As I write I struggle to attain what God has ordained me to do and be. The flesh, human thoughts and feelings try me daily. As Apostle Paul said, “the things that I should do I do not do and the things that I should not do I do.” In reflection I often see the divinity of Christ but not the humanness of Christ. Jesus experienced what we experience not as God but in the frail body of the man God created. What I deem impossible do held up to the light of Jesus’ divinity gives me room to turn away from the light. After all, I surmise, I am not God. I am only human. I say to myself; I’m not built like that. I can’t be expected to give and forgive the way Jesus did while he walked the earth. But, much to my chagrin I am expected to love as Jesus in the flesh loved. Trusting in God the father. Trusting to see me through and bring me home.

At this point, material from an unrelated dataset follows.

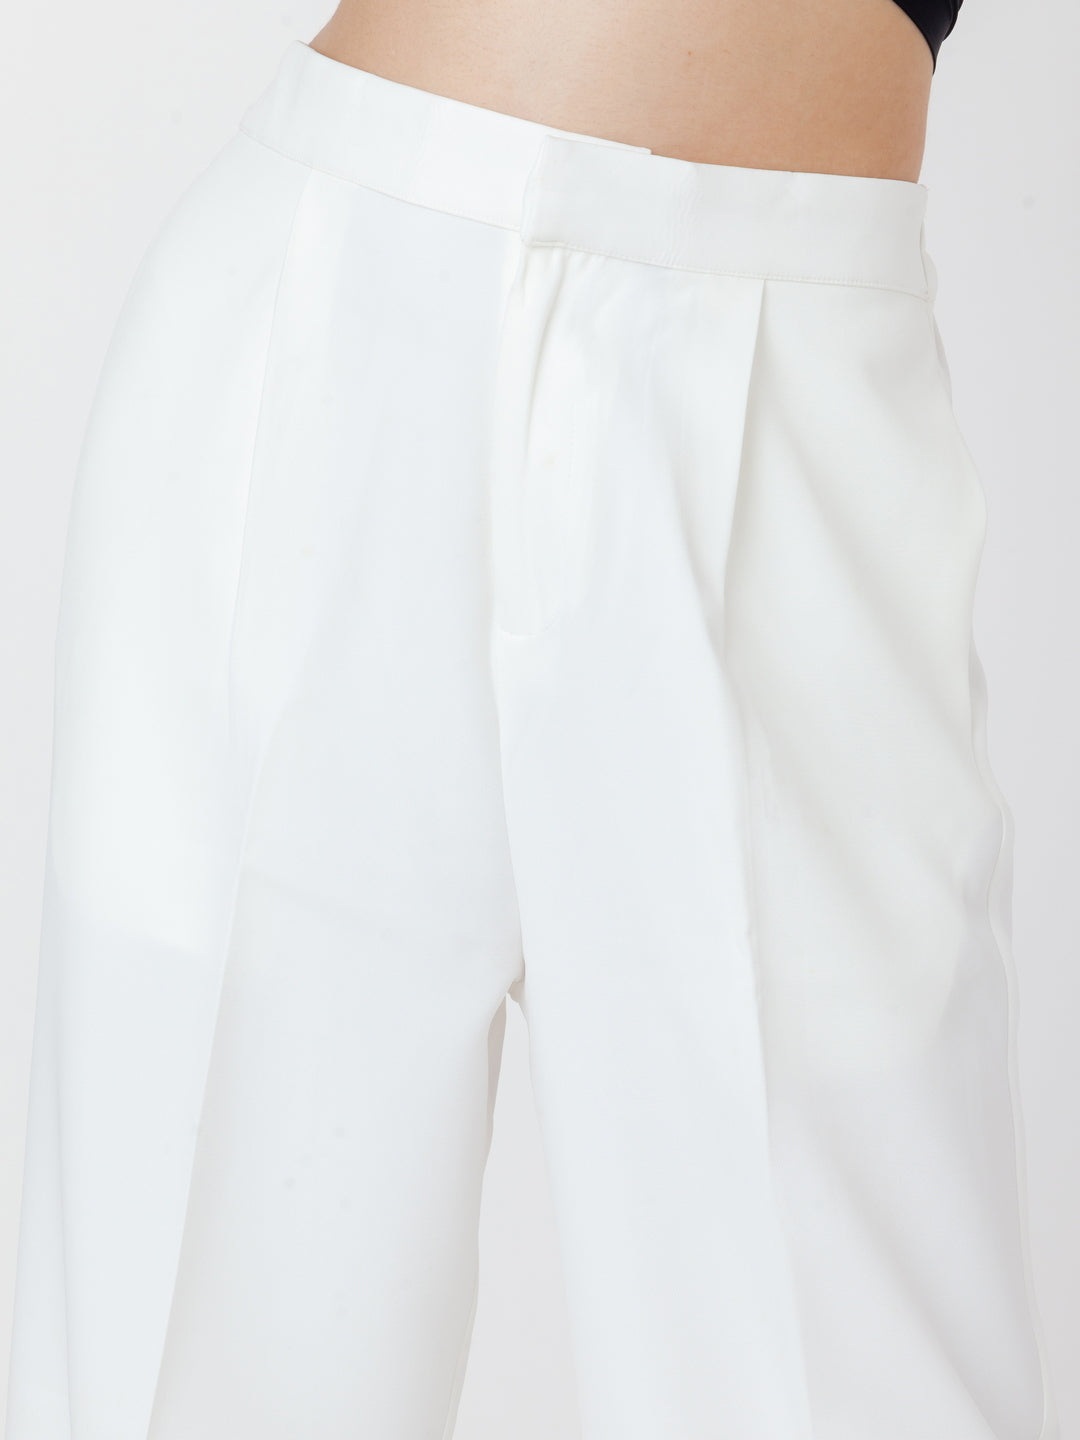 White-Solid-Pleated-Trouser-L01008-6

Crucifying the flesh means enduring hardship like a good soldier and submitting my fear, ego, and pride to die to open my life to the promises of Jesus and God to manifest in my life. To allow myself to be a vessel of light for those around me on earth as it is in heaven. As I study in a new way the meaning of Lent I am moved to a different kind of fast. To give up or sacrifice something not just for 40 days, but for a lifetime. Isaiah 58: 6-11 (kjv) states:
6 “Is not this the kind of fasting I have chosen:
to loose the chains of injustice
and untie the cords of the yoke,
to set the oppressed free
and break every yoke?
7 Is it not to share your food with the hungry
and to provide the poor wanderer with shelter—
when you see the naked, to clothe them,
and not to turn away from your own flesh and blood?

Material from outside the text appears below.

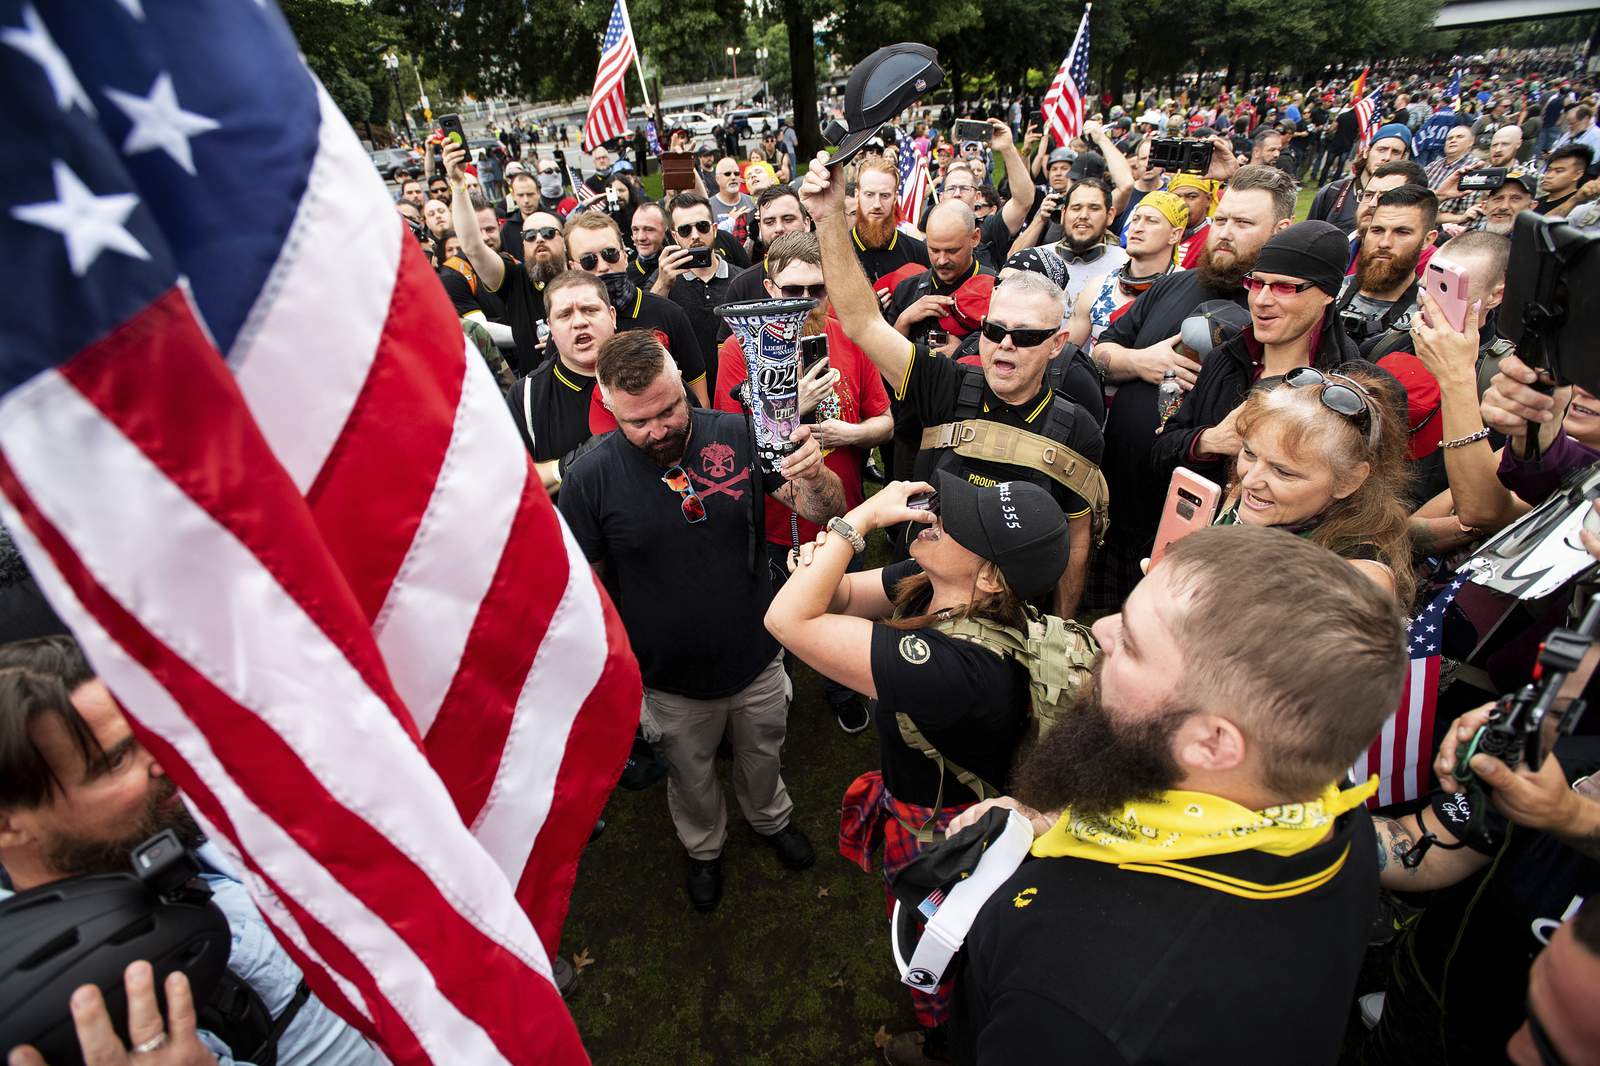 Portland, Oregon, braces itself for large right-wing rally

8 Then your light will break forth like the dawn,
and your healing will quickly appear;
then your righteousness[a] will go before you,
and the glory of the Lord will be your rear guard.
9 Then you will call, and the Lord will answer;
you will cry for help, and he will say: Here am I.

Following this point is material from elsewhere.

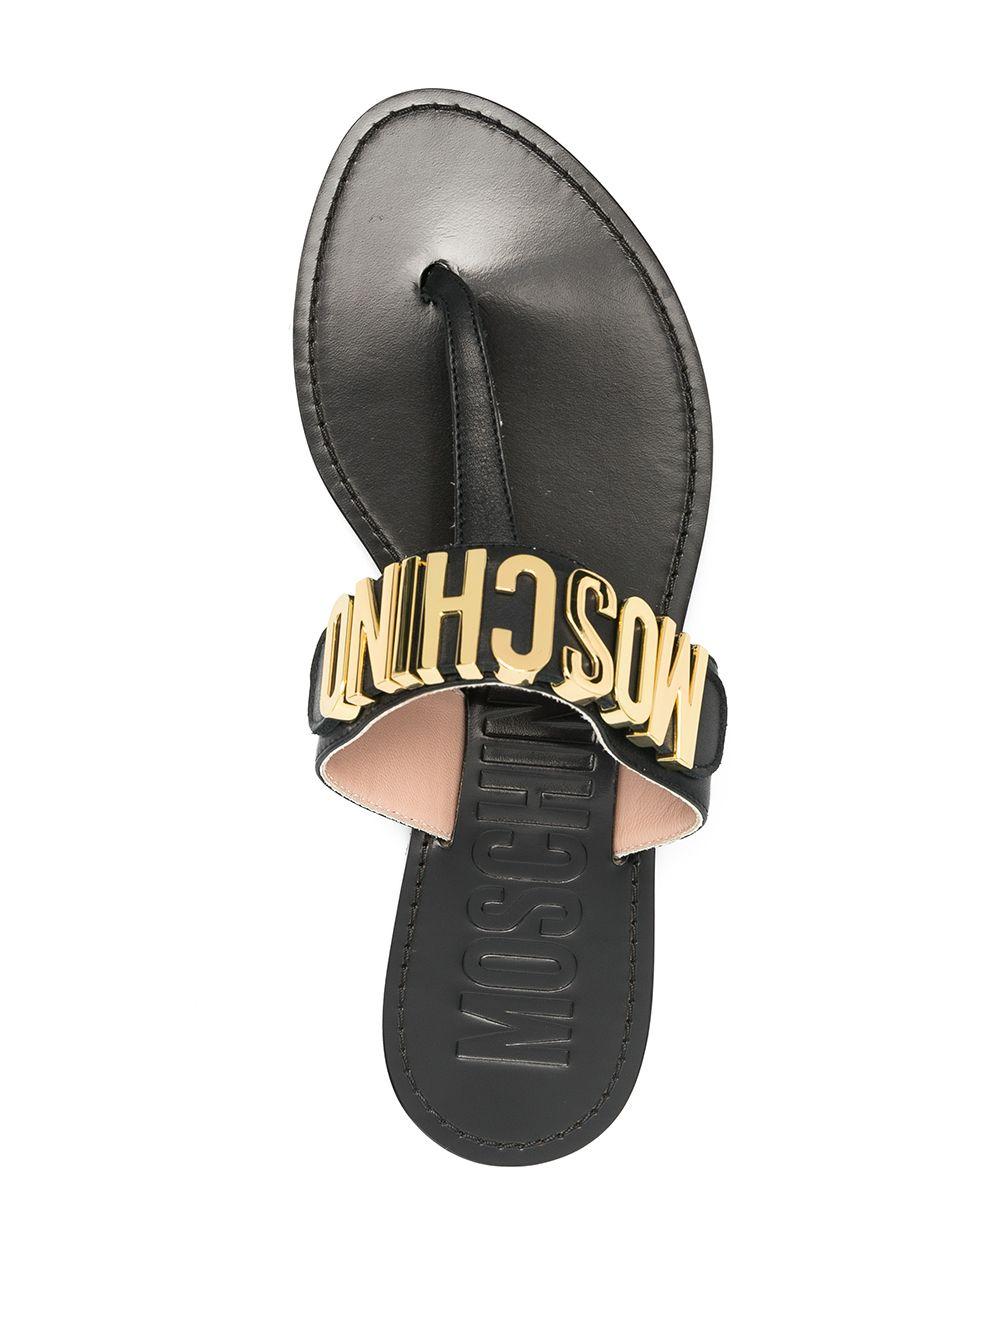 Moschino Logo Plaque Leather Thong Sandals | Lyst

“If you do away with the yoke of oppression,
with the pointing finger and malicious talk,
10 and if you spend yourselves in behalf of the hungry
and satisfy the needs of the oppressed,
then your light will rise in the darkness,
and your night will become like the noonday.
11 The Lord will guide you always;
he will satisfy your needs in a sun-scorched land
and will strengthen your frame.
You will be like a well-watered garden,
like a spring whose waters never fail.
I come to a new fullness of the sacrifice of Christ. Jesus gave all for humanity to save all who will accept the gift of eternal life. I endeavor and pray to submit my mortal body as a living sacrifice before God. In return his love, expectations and instructions will make me and mold me day by day all the way to the end of this life. There are things I struggle with daily in my brokenness. Not always knowing when to protect myself and when to submit myself. But the answer to my own dilemma is to submit everything to God. I am to trust God, his word and the heavenly host always.